Someone called the office last week to ask about a custom web application for showing a list of vendors to visitors based on the visitor’s selection of a state and city. She had an Excel spreadsheet with vendor information, and she wanted that turned into a MySQL database that she could edit and update online as well.
That kind of web application is a common web coding proposition. So common, that it has it’s own name: CRUD, which stands for Create, Read, Update, Delete. The particulars are always a little different, which is why it often calls for a custom solution, but the basic idea is pretty standard. You need to have a page (ideally password protected), where an administrator can Create new records in a database (add a new vendor), Update (or edit) the records (vendors) already in the database, and Delete those that need to be removed. You also need to be able to Read the database to see what’s there. What you see when you read the information depends on whether you’re an administrator or an ordinary visitor to the site.
Unfortunately, the person making the inquiry didn’t have the budget to do the project. But it got me thinking about how I would do it if I were going to do it.
Start with the Data
Just about any web application that deals with data will need to store it in some kind of database. There are plenty of options to choose from, when it comes to database software for the web. No matter which you choose, the critical thing about databases is to get their structure right. The fancy word for it in database world is “normalization,” and essentially it comes down to making sure you don’t repeat the same information in different places. Ever.
Take this sample spreadsheet someone brought to us (slightly altered here to shield that someone from too much embarrassment), for example:
The intention of this layout is to designate certain vendors in “Business Group A,” others in “Business Group B,” etc. Perhaps vendors in one group get certain discounts, or have access to different product lines, or have different credit ratings. Whatever.
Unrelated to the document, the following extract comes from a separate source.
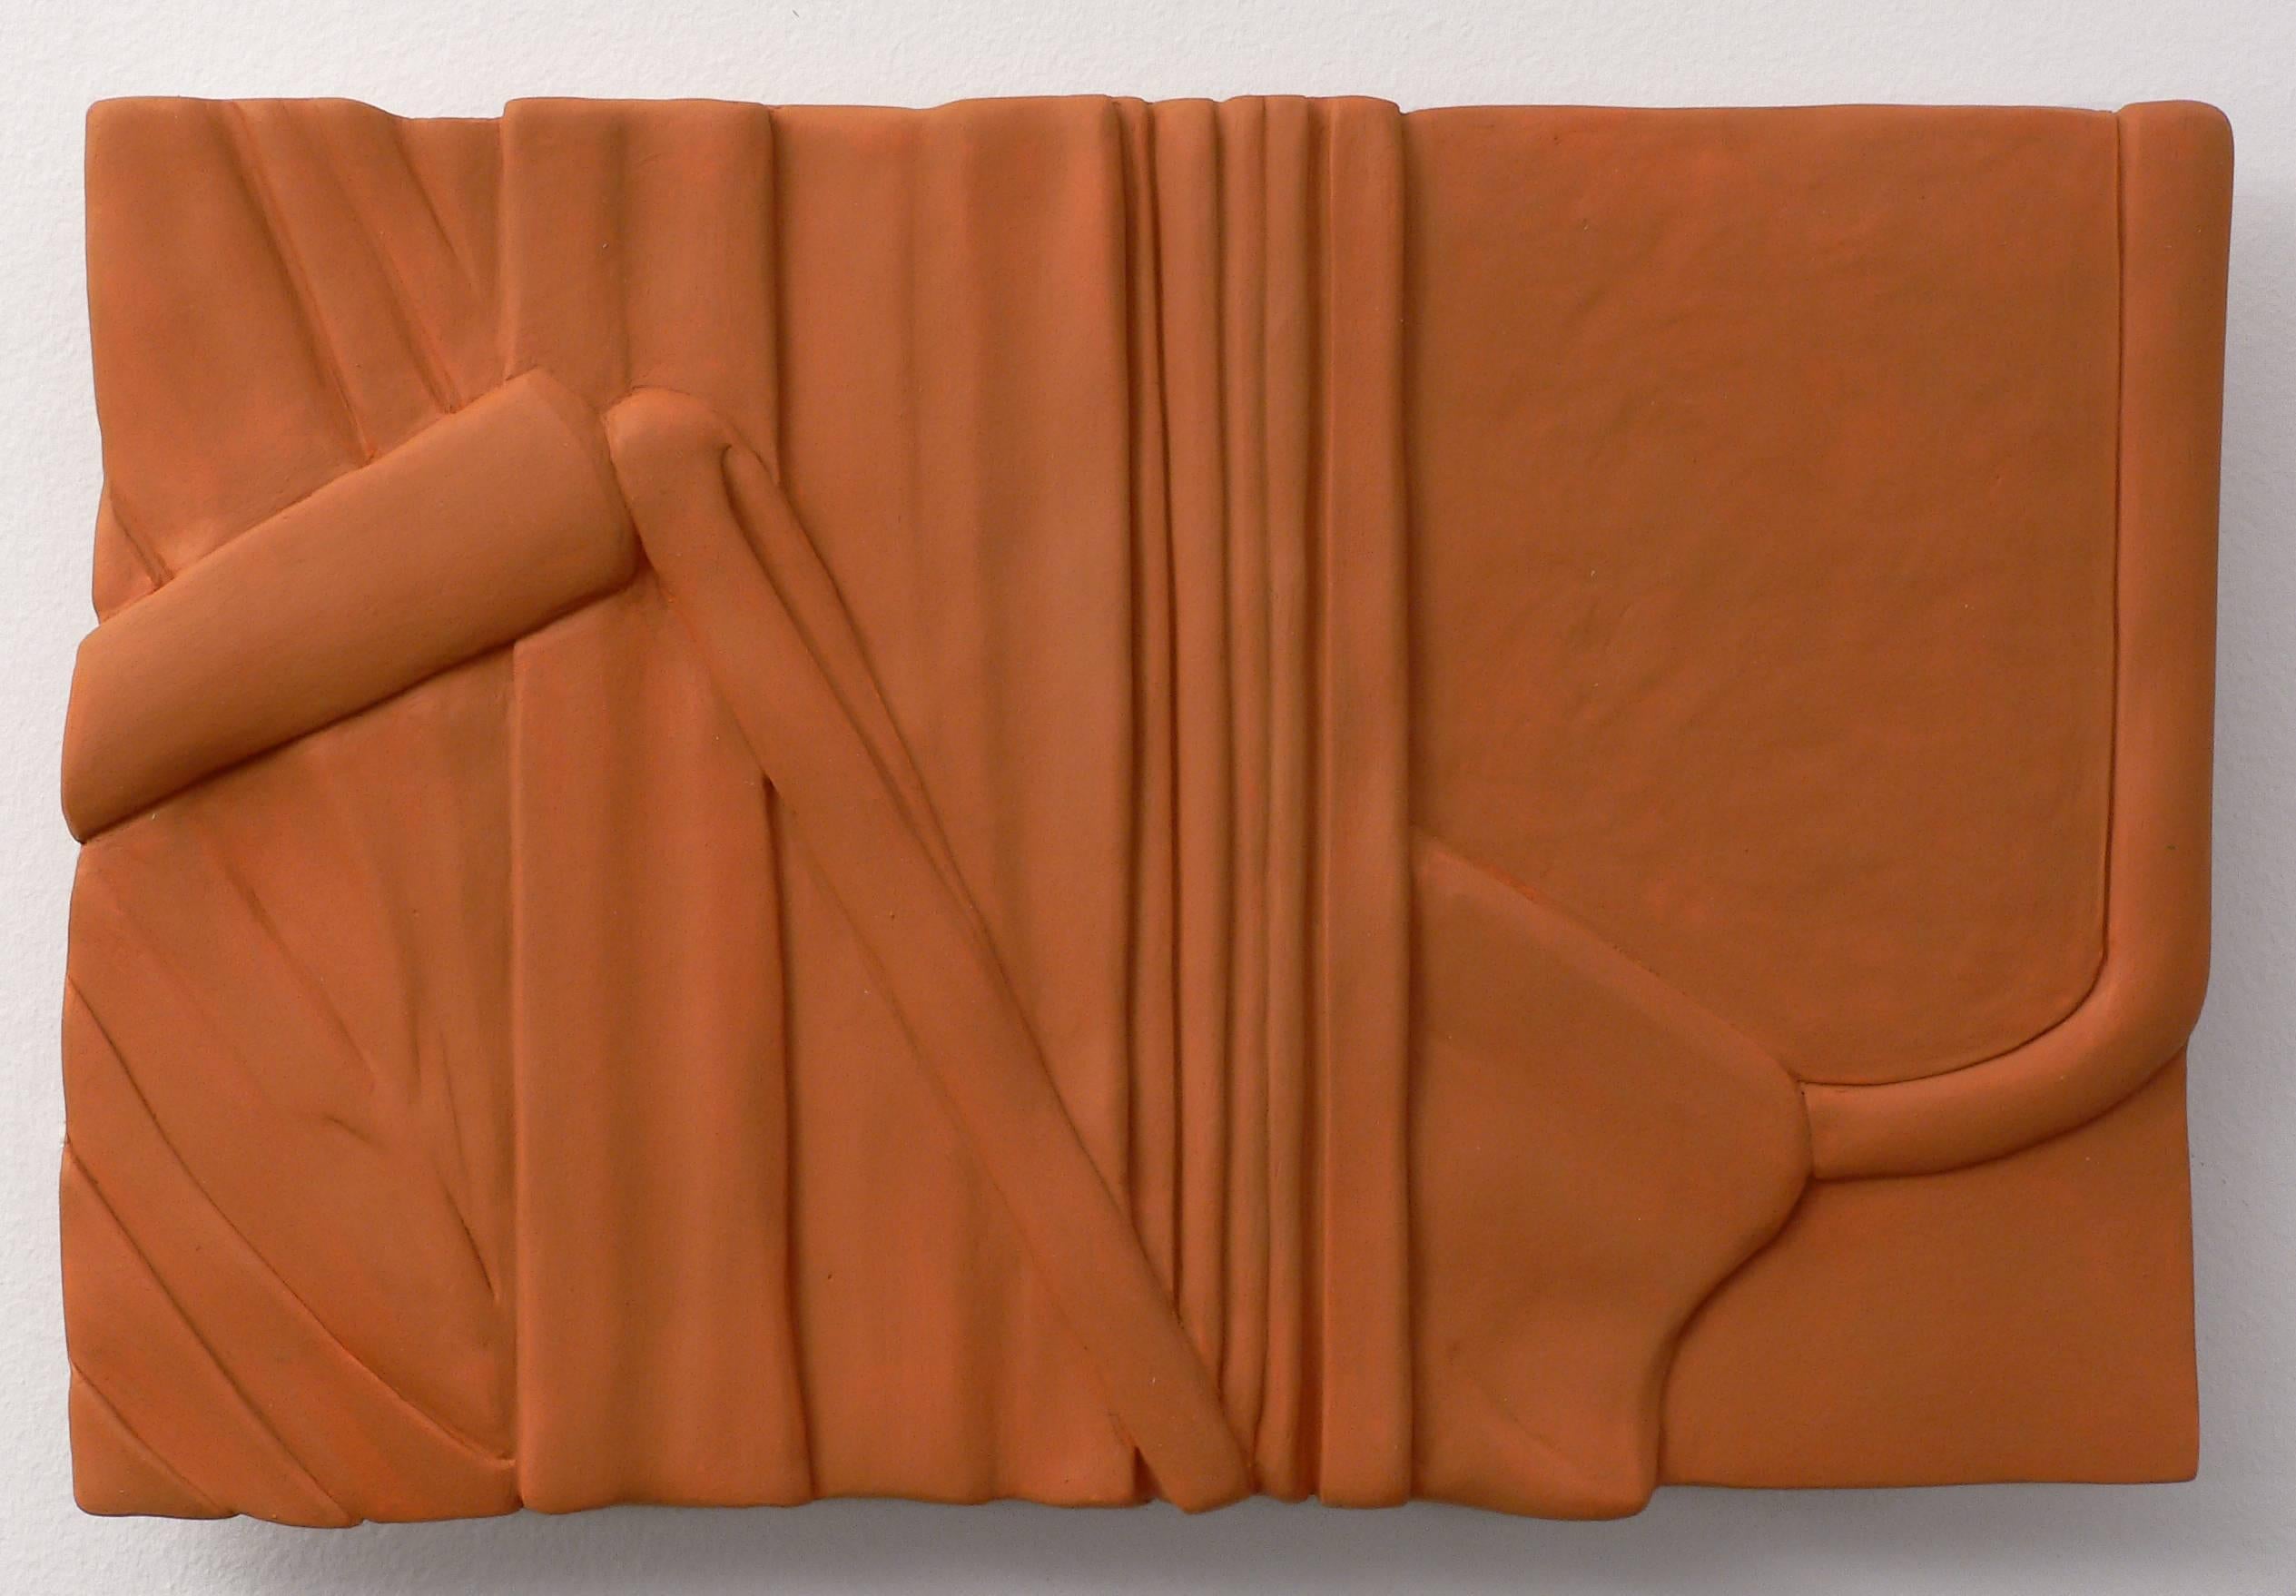 Altoon Sultan Abstract Sculpture - Vertical Folds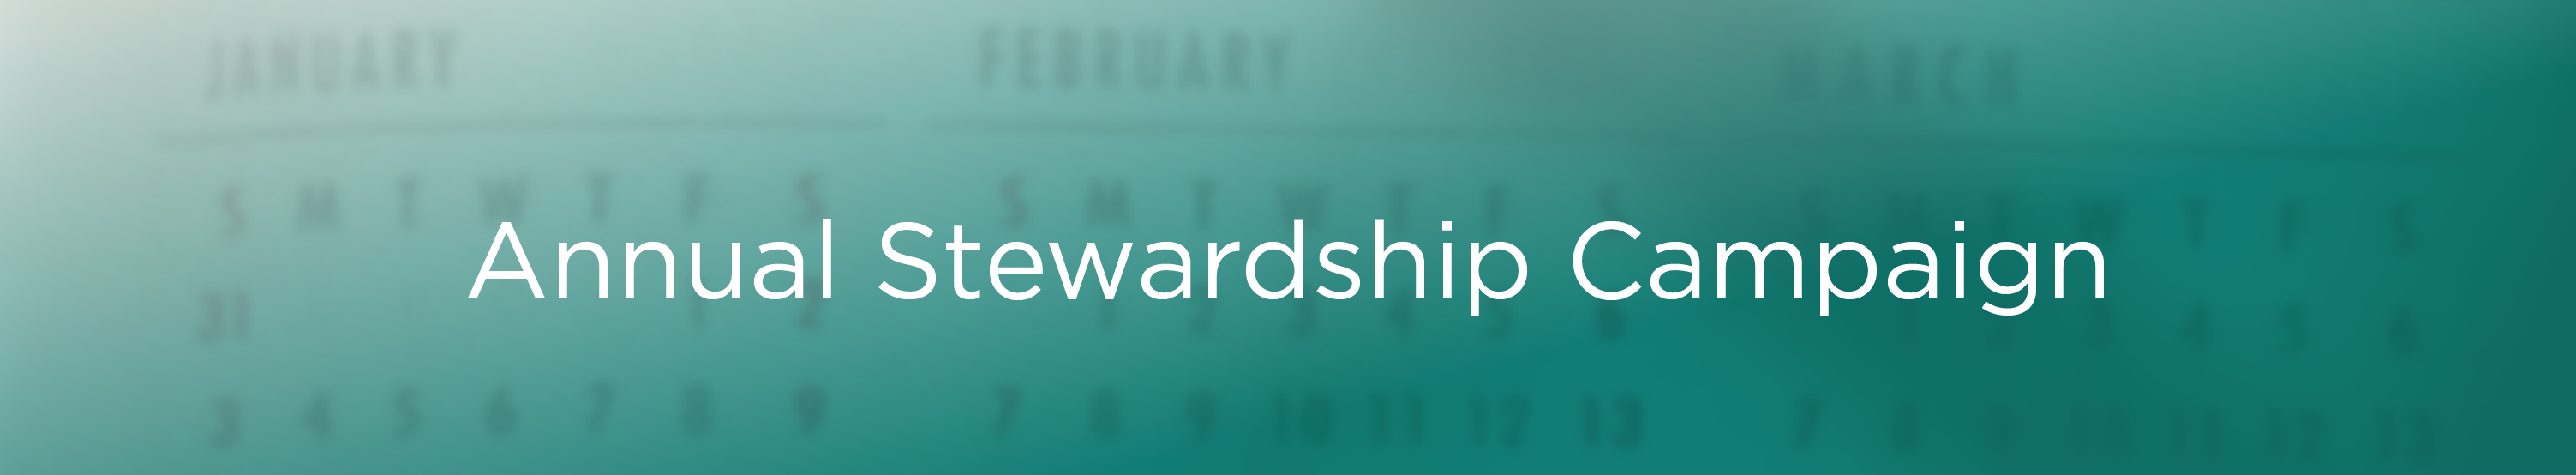 Annual Stewardship_Web Header

The problem, though, is in the repetition of columns with the same kind of vendor information: Business Name, Business Website. This leads to all kinds of trouble. For starters, to find any given business, you have to know ahead of time which group it’s in, to find which set of columns to look in. If you don’t know which group to look in, you need to cycle through the column sets for each group. All this makes designing a step-by-step way for your script to find what you’re looking for complex and error-prone.
The better solution is to recognize that, in addition to a name and website, each business also belongs to a group. Instead of having all those columns to take care of grouping, it’s much easier to have just one column: “Group” that tracks which group a business belongs to. As you can see, the resulting table is much simpler.
You can now select a business based on it’s group by simply pulling all the rows, say, where Group is B, and you immediately have all the information (name, location, and website) about every one of those businesses at your disposal.
Conclusion – DRY coding Is Essential
Getting your data structure right is the first critical step in building any web application. The cardinal rule for getting data right is to never repeat yourself.
As it turns out, “never repeat yourself” is a kind of “coder’s creed.” It applies to just about everything. It’s so important that programmers even have a name for it: DRY coding (Don’t Repeat Yourself).